Speaker 3:Yeah, I think you hit , hit on the head , um, the nail on the head, Carolyn, with the, you know, FTC being the most active entity in terms of enforcing AI regulations. But I would also , uh, flag FDA because there's a number of medical devices that the FDA has approved or cleared that have ai , um, embedded in them AI capabilities. So FDA would , uh, determine if a product is a medical device based on the product's claims and how it's indicated for use. And FDA would also conduct inspections of a medical device manufacturer , um, including software as medical device manufacturers. And some of these manufacturers might make claims that are exaggerated or false or misleading. So FDA would have authority under the Federal Food Drug and Cosmetic Act to take action against those manufacturers or other entities that are making those claims. And they have issued warning letters to certain medical device manufacturers that have claimed to have AI codes or capabilities in their software. So for example, there was a warning letter that FDA issued to a manufacturer that had , um, kind of a typical medical device with electrodes as well as ear clips, but also desktop software. And the device itself was intended to collect, analyze, and interpret data to aid in the diagnosis of certain neurological conditions or potential neurological conditions. FDA said, of course, this is a device. So , um, if you don't have clearance or approval for this device and you're making AI claims and you have these particular indications for use, such as a diagnosis of a medical condition, then you need to fit within, you know, FDA's framework. You can't just introduce this device into interstate commerce without FDA , reviewing the device and clearing it or approving it for distribution into interstate commerce. So , uh, the FDA issued a warning letter to the company and cited a number of medical device regulations as, as violations , um, as well as noting that, you know, there were no quality audits. The , um, quality systems regulations that applied to medical devices were not being followed. And as a result of this failure to validate the AI processes and the software and TER maintain certain history records for the device, then the device itself would be misleading , um, under FDA's regulatory scheme. So DA of course has the ability to take actions against medical devices that are making particular claims about diagnosis or treatment of medical conditions.

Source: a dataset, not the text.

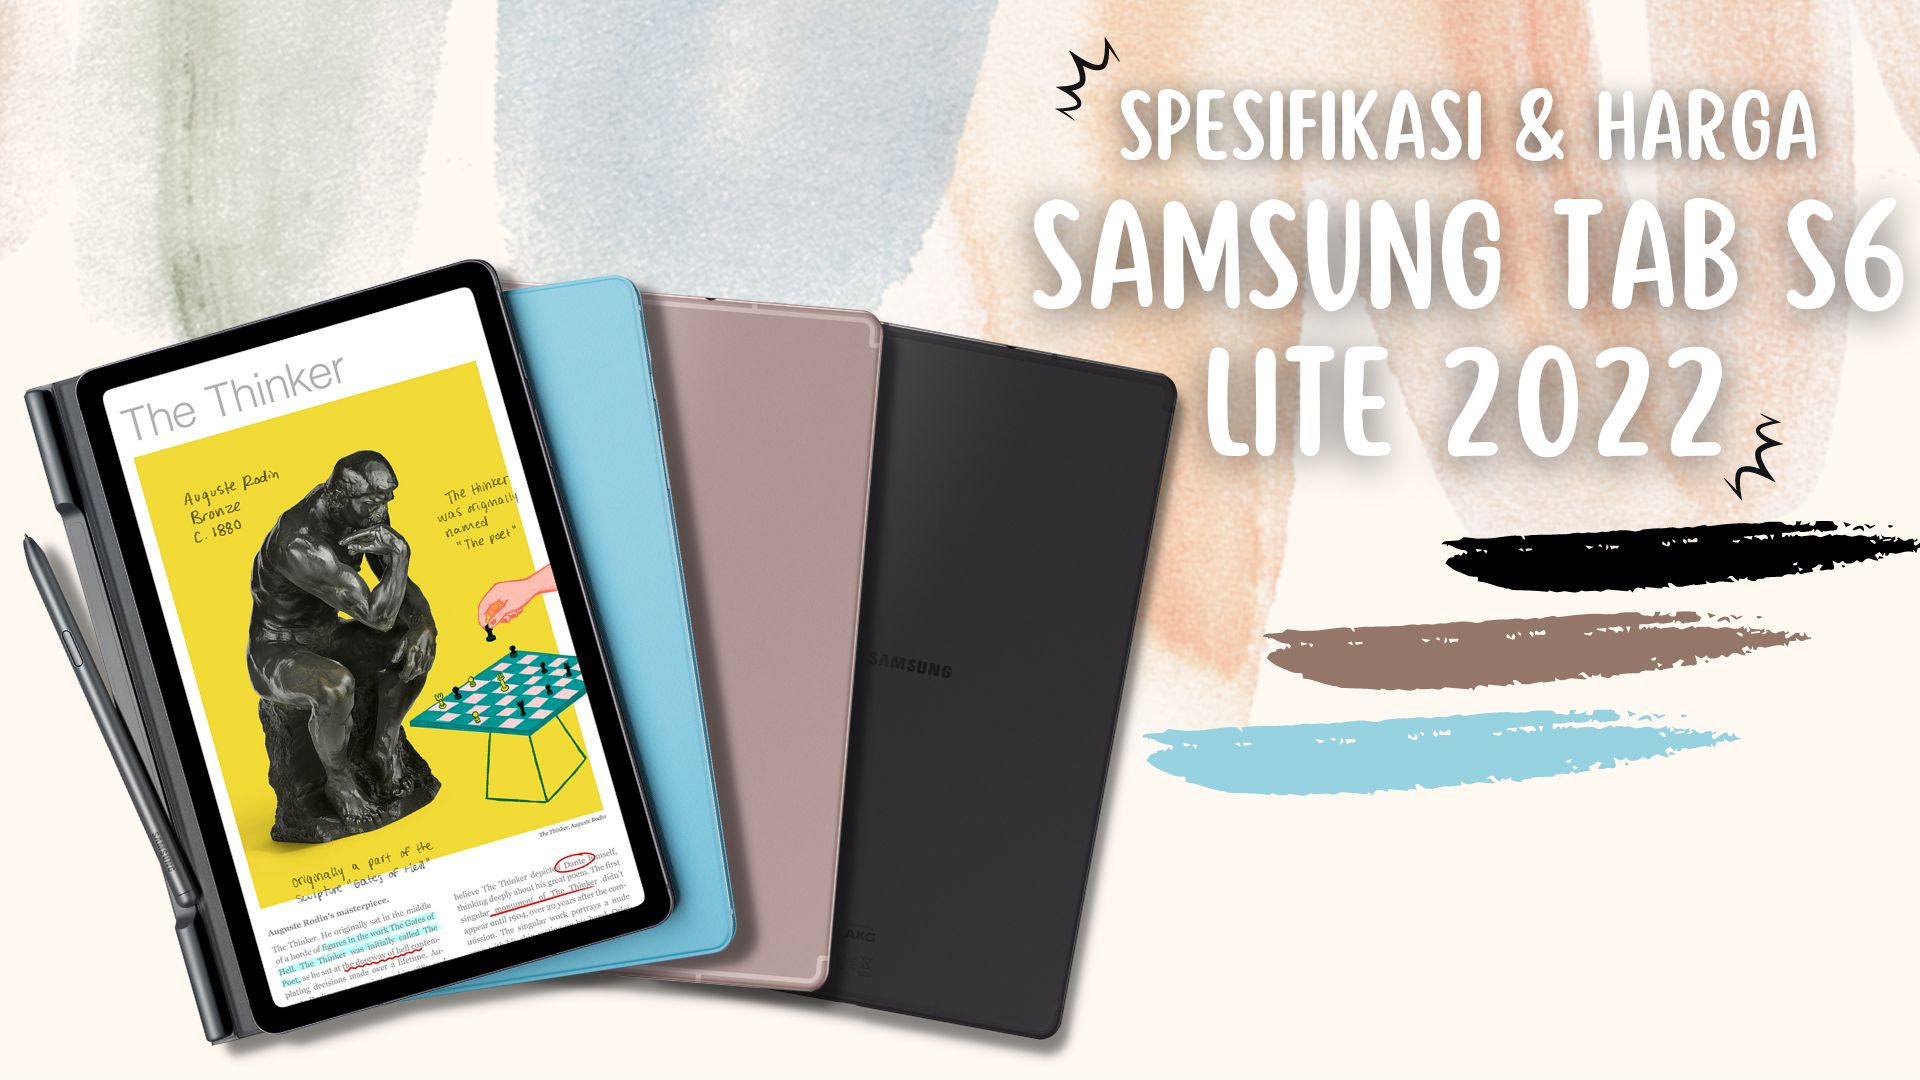 Spesifikasi dan Harga Tablet Samsung Galaxy Tab S6 Lite 2022 di Indonesia

Speaker 2:Thank you both. Um , curious, have you seen any particular trends emerging with regard to enforcement action, which you can comment on ?
Speaker 3:Sure, I'll take this one. So there's , um, been a number of FTC actions that Carolyn already highlighted, but I think we've seen a number of news reports in major media outlets about , uh, inquiries from D-O-J-F-T-C and others into the use of AI in electronic medical records systems and others. So for example , um, there has been , uh, a number of reported civil investigative demands that have been asking questions about algorithms and prompts and electronic medical record systems. Uh, so the question here is , um, I we're not really sure what DOJ is exploring at this point in time, but , um, companies are reportedly receiving subpoenas about generative AI's role in facilitating federal anti-kickback statute violations, or Federal False Claims Act violations. Um , the AI might be prompting , uh, notes or care that's medically unnecessary , um, or notes that , um, are documenting things that didn't actually occur , uh, between a physician and a patient. So if care is , um, provided that's in excess of what would otherwise have , what would otherwise have been rendered or what would've otherwise been medically necessary that could result in false claims. So I think we'll see a number of inquiries in the future, maybe potential settlements for criminal and civil false Claims Act or anti violations. Um , if, you know , the AI is prompting physicians to do things that don't follow current medical standards of care, or if the AI is resulting in additional prescriptions that would not have otherwise been , um, issued, and then the federal healthcare programs such as Medicare or Medicaid , uh, Tricare are paying for these additional prescriptions, for example.
Speaker 2:So what about consumer lawsuits? Anything developing in that area that healthcare organizations should be factoring in or thinking about ai?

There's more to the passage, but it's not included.